The International Socialists is a Canadian socialist organization which is part of the International Socialist Tendency. The IS in Canada publishes Socialist Worker, an English-language monthly paper, and holds an annual Marxism conference every spring in Toronto.

Early history
The initial members consisted of activists involved in the Movement for an Independent Socialist Canada (better known as the Waffle), which had been forced to leave the social democratic New Democratic Party in 1972. A group of students at York University in Toronto formed a Marxist study group, and came into contact with left-Shachtmanites in the International Socialists (USA), an American group founded by Hal Draper.
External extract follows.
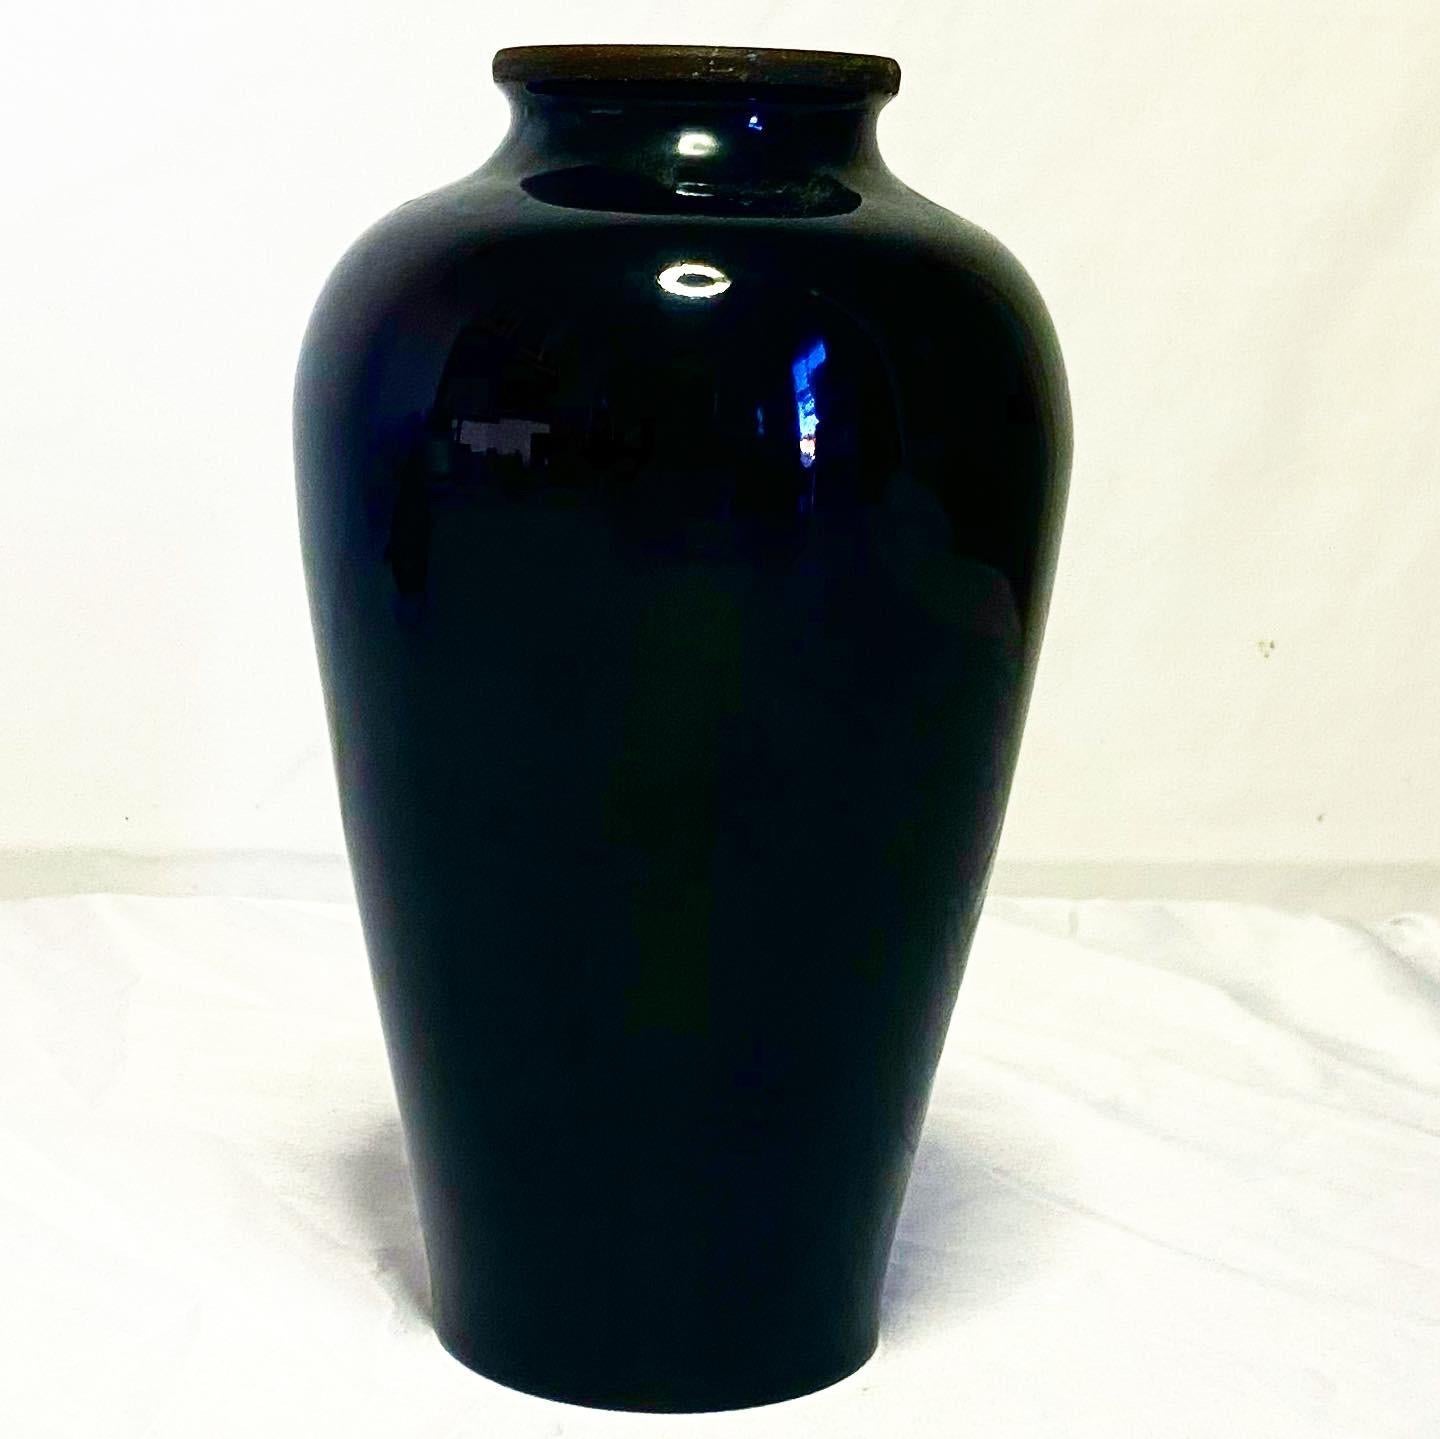 Magnifique vase asiatique en laiton avec finition en émail noir incrusté de fleurs en nacre.
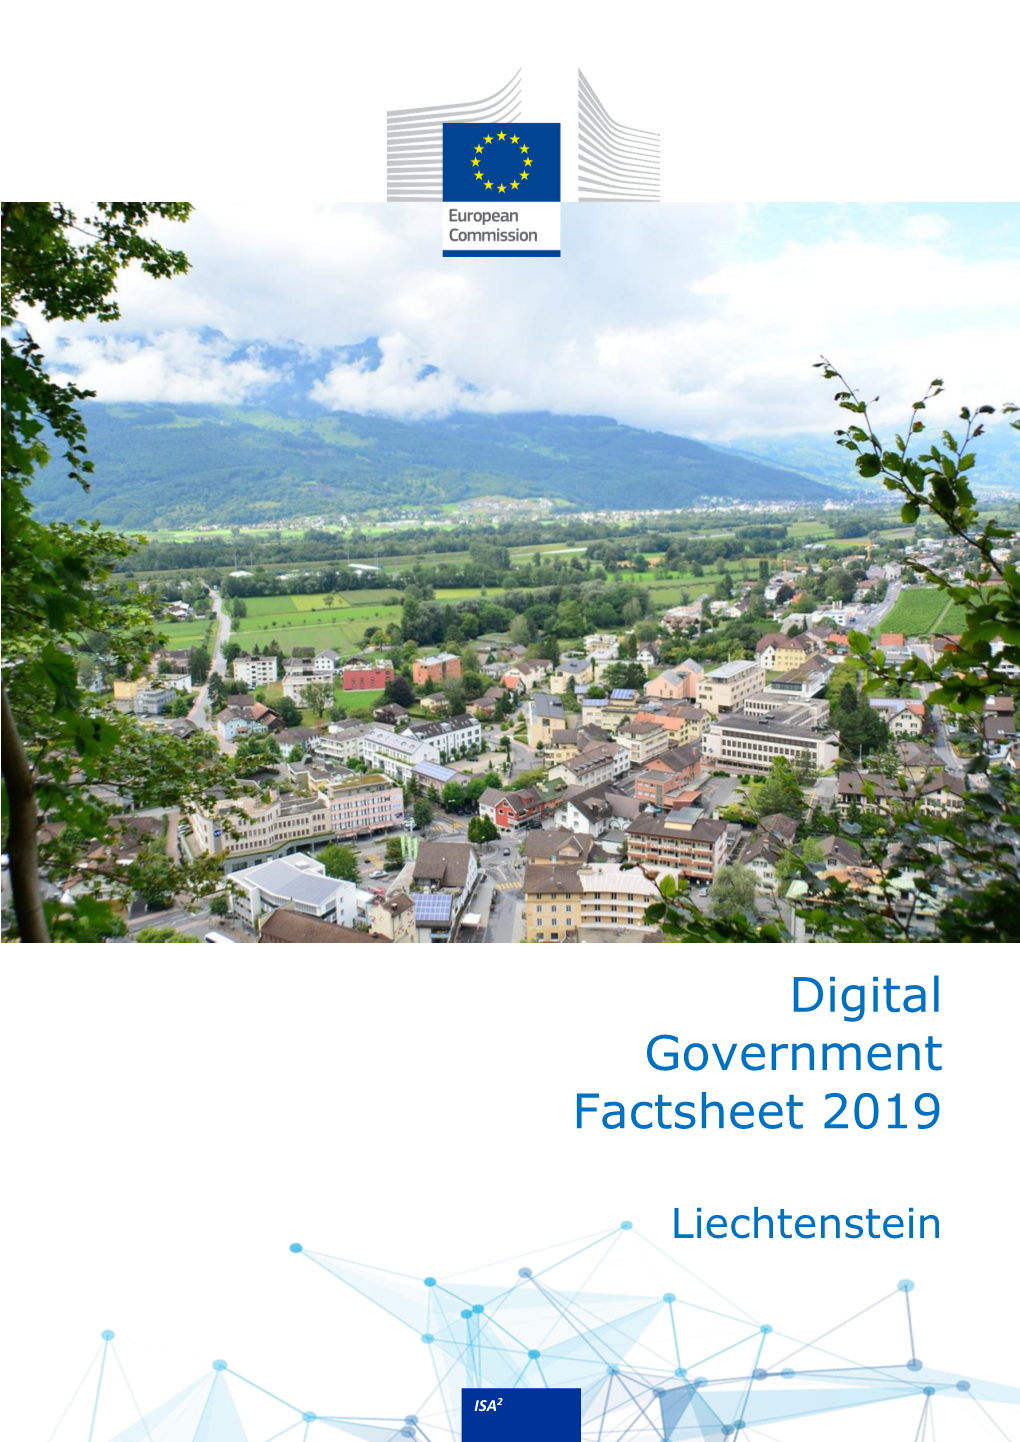 Digital Government Factsheet Liechtenstein

After the collapse of the Waffle in late 1974, the group organized itself as the Independent Socialists in February 1975. This reflected the roots of the IS in the Waffle, which had a "left-nationalist" analysis of Canada's place in the world economy. But the name was in contradiction to the internationalist approach of the IS, and by 1976, the group voted to rename itself the International Socialists. From 1975, the IS published a monthly paper called Workers Action. In 1985, the paper was renamed Socialist Worker.

The IS is often identified as the "state-capitalist" group—reflecting the position of the IS that, from 1928 on, Soviet Union was no longer a workers' state, but state capitalist. This is in contrast to Leon Trotsky's position that the Soviet Union was a degenerated workers state. The state capitalist position was not actually central to the group's founding in 1975. Several prominent members adhered to the "bureaucratic collectivist" position associated with Max Shachtman, but by the late 1970s, the majority position in the group was clearly "state capitalist", outlined most clearly in Abbie Bakan's pamphlet, The Great Lie.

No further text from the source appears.